Nicolás Bermejo in his study also refers to the game of valley and mountain breezes that takes place during days of atmospheric stability in the Guadalquivir depression, and that play a fundamental role in triggering or containing temperatures throughout the region. . These games are perfectly appreciated in the wind direction records of any meteorological station in the middle course. East wind that increases the overheating on the surface, and that after noon rolls rapidly to “south”, “south-east” and “west” to contain the rise in temperature, either due to the contribution of humidity from the mouth to the border of the course medium, either because of the increase in turbulence in the lower layers of the atmosphere. Thus, on days and points where the wind does not alter the stability conditions, surface overheating acquires greater importance.

Peninsular hot spots and the myth of 50 degrees

That the orographic and latitude peculiarities make the Guadalquivir valley the particular ‘pan’ of Spain, especially due to its regularity and constancy, does not mean that there are no other points of interest in hot peninsular episodes. Until now, the maximum temperature record in the Iberian Peninsula was located in Amareleja, in the Guadiana valley in Portuguese territory. On August 1, 2003, the Portuguese town also reached 47.4 ° C, a record shared with the Cordoba town of Montoro since last August.

And it is that almost all the valleys and hydrographic depressions of the southern half of the peninsula meet the conditions to reach extreme heat records in favorable episodes. The Portuguese Alentejo, with the depression formed by the Tagus at its Portuguese mouth, and the aforementioned Guadiana valley, both in Spanish and Portuguese territory, have shown the warm potential of these basins in the recent past. The 46.6 ° C that was recorded at the El Granado meteorological station, in the province of Huelva, or the 46 ° C in Badajoz reached in August 2018, give a good example of the ‘baking’ characteristics of the Guadiana.

Recently, during the heat wave from August 13 to 16, the Genil valley left a historic record of 46 degrees in the Granada capital, at an altitude of 700 meters. In Murcia, thanks to the local winds that affect the Vega del Segura, a new historical maximum of 46.1 ° C was set on August 15. Just nine kilometers away, at the meteorological observatory at the Alcantarilla base area, 46.8 ° C was reached for the first time for a historical series of 80 years.
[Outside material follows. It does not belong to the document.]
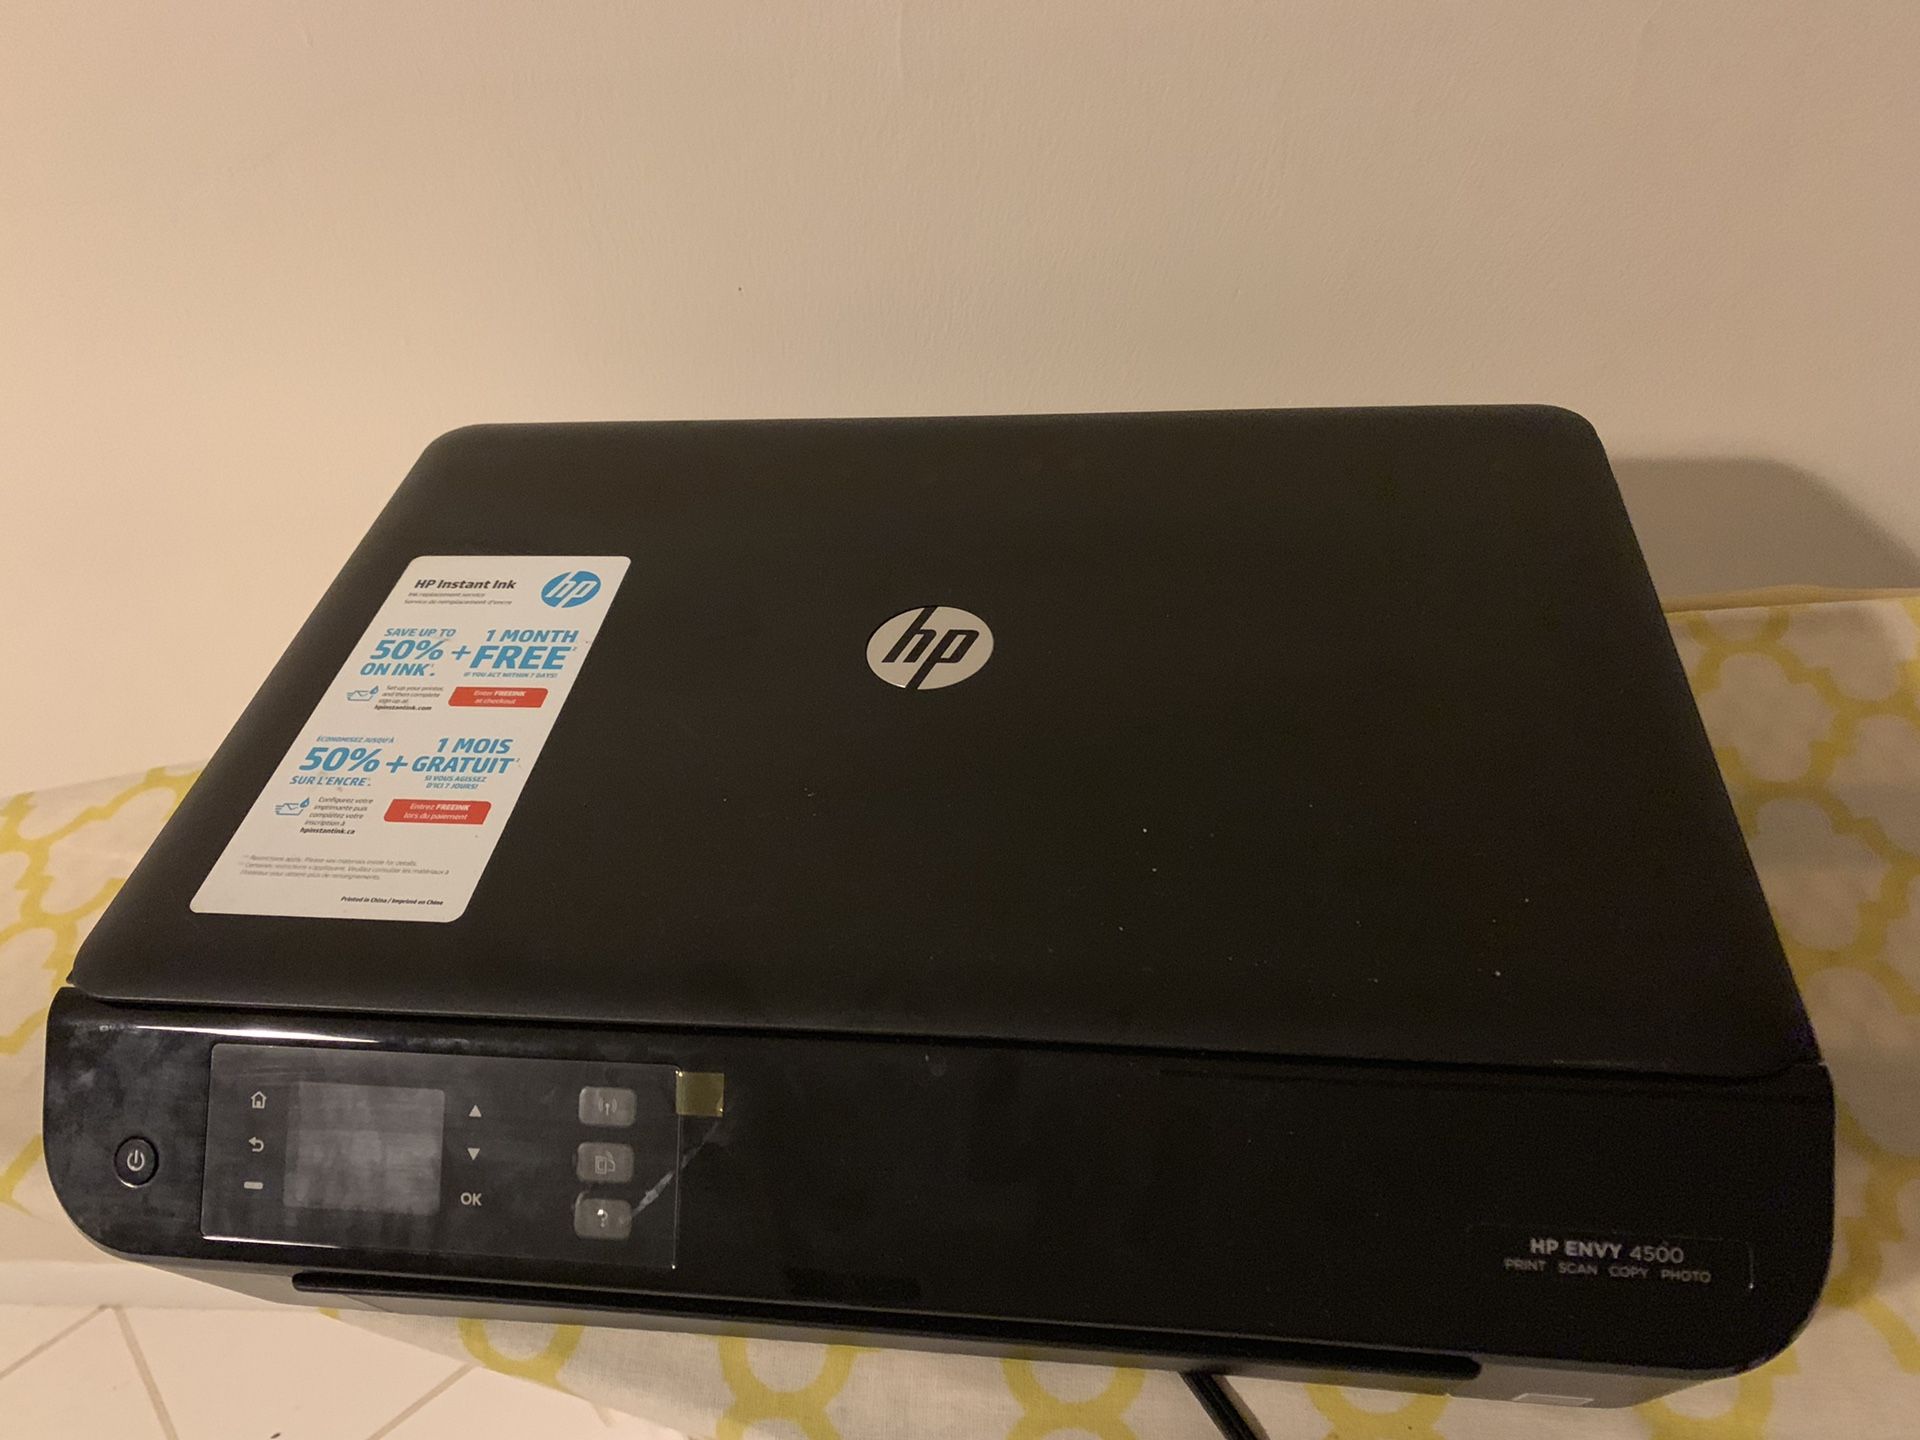 HP ENVY 4500 printer, scan, copy, and photo

Extreme records that give an idea of ​​the potential of the Iberian Peninsula to reach values ​​that touch or exceed the border of 48 ° C. A priori ‘affordable’ barrier in warm advections such as July 2017 or August 2021, where the particularities of the local breezes between Córdoba and Montoro prevented even higher records. A barrier that if overcome would still be far from the myth of the peninsular 50 degrees, and of which there is only written evidence in records of doubtful reliability.

A ceiling, that of 50 degrees, typical of arid desert and sub-desert regions, difficult to reach even in extremely warm countries. This is the case of Riyadh, the capital of Saudi Arabia, in the heart of the Arabian peninsula. The 48.2 ° C of August 7, 1998 constitutes its absolute maximum, only 9 tenths above the Spanish historical maximum. A good reference to know where we are, and where we could be.